Companies that hire low-skilled immigrant workers are concerned that the new immigration policy unveiled by President Obama will leave them exposed to legal problems by giving their employees an incentive to confess that they used fraudulent documents to gain work.
Over four million undocumented immigrants will be protected from deportation from the United States thanks to the president’s decision to take executive action over immigration reform, marking the largest alteration to the country’s immigration system in three decades; however, amid all the controversy, immigrants and their employers have found themselves lost in legal uncertainties as countless people prepare to have their legal status changed. Companies are afraid that an employee who applies for the program will be admitting to being an undocumented immigrant and therefore working illegally, meaning that the employer will also have broken the law by hiring them.

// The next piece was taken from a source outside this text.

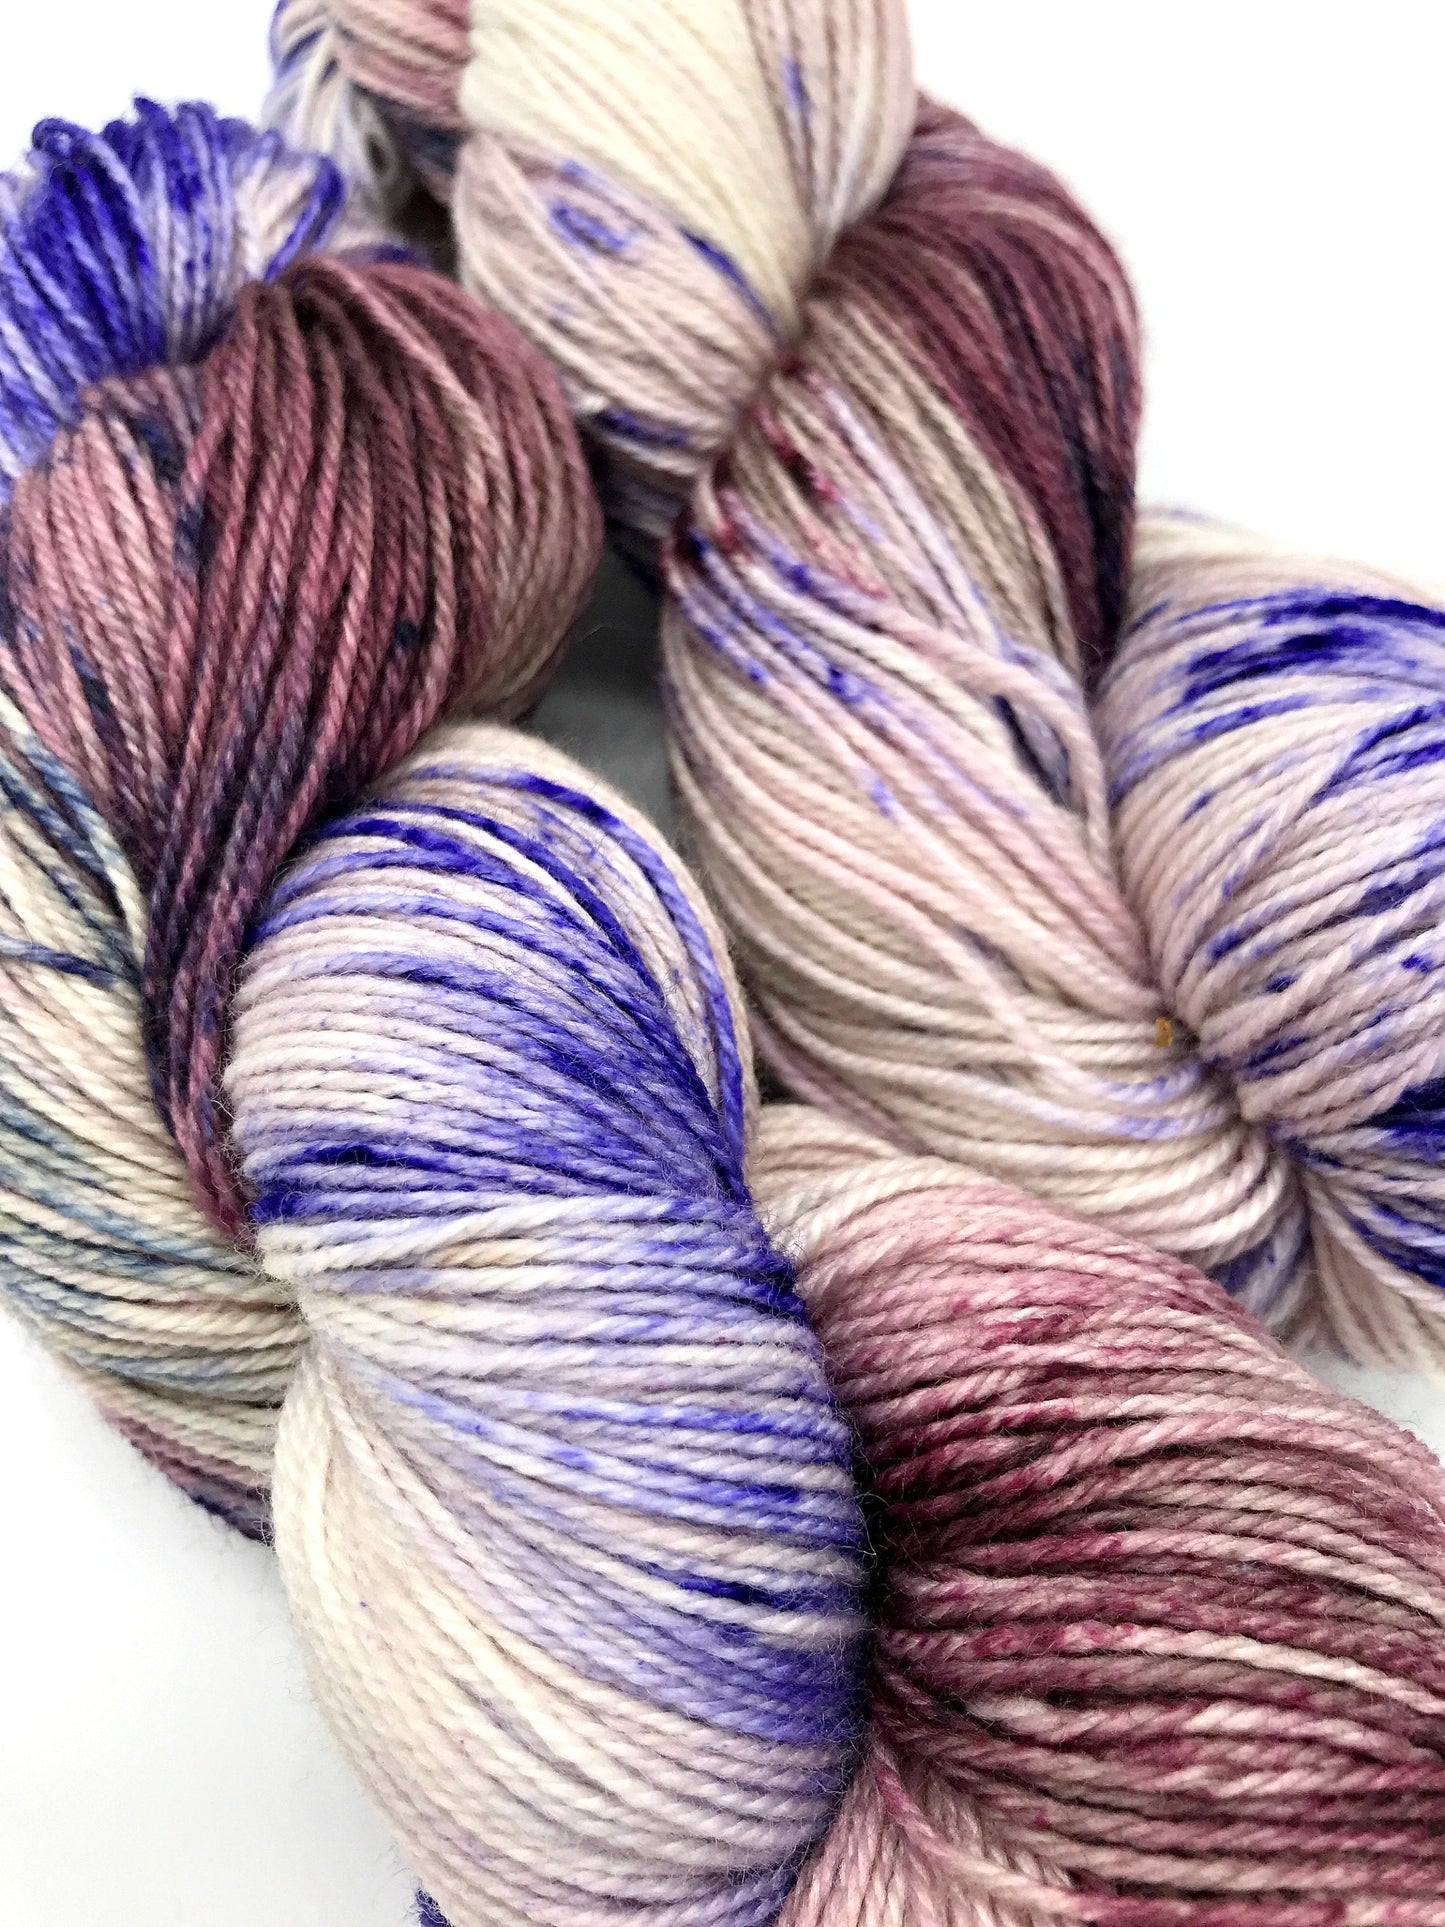 Stompin' in the Berry Patch - Fingering 3 Ply - Okanagan Dye Works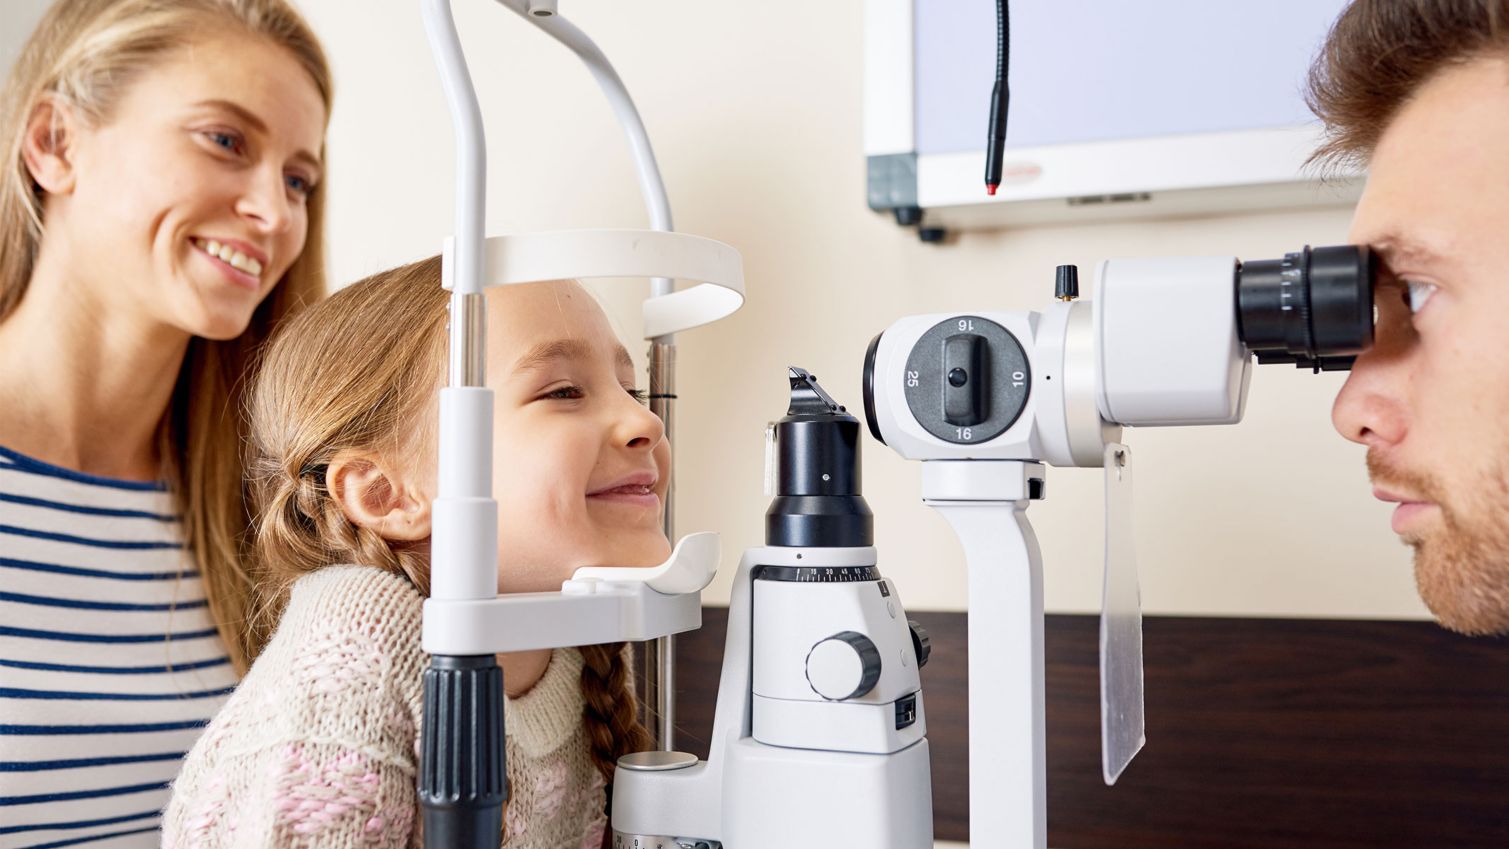 A child gets an eye exam while her mom looks on.

These concerns are being particularly felt in the agriculture, cleaning, construction, food processing and hospitality industries, where large chunks of the workforce comprise immigrants from the Hispanic community, says the president of small business alliance ImmigrationWorksUSA, Tamar Jacoby.
Audits of workplaces are conducted by US Immigration and Customs Enforcement, which will penalize, and in some cases prosecute companies and employers, that have deliberately hired undocumented immigrants. However, it has been surprisingly easy for many to borrow, steal or fake documents. Guidance for businesses has yet to be issued by the Obama administration.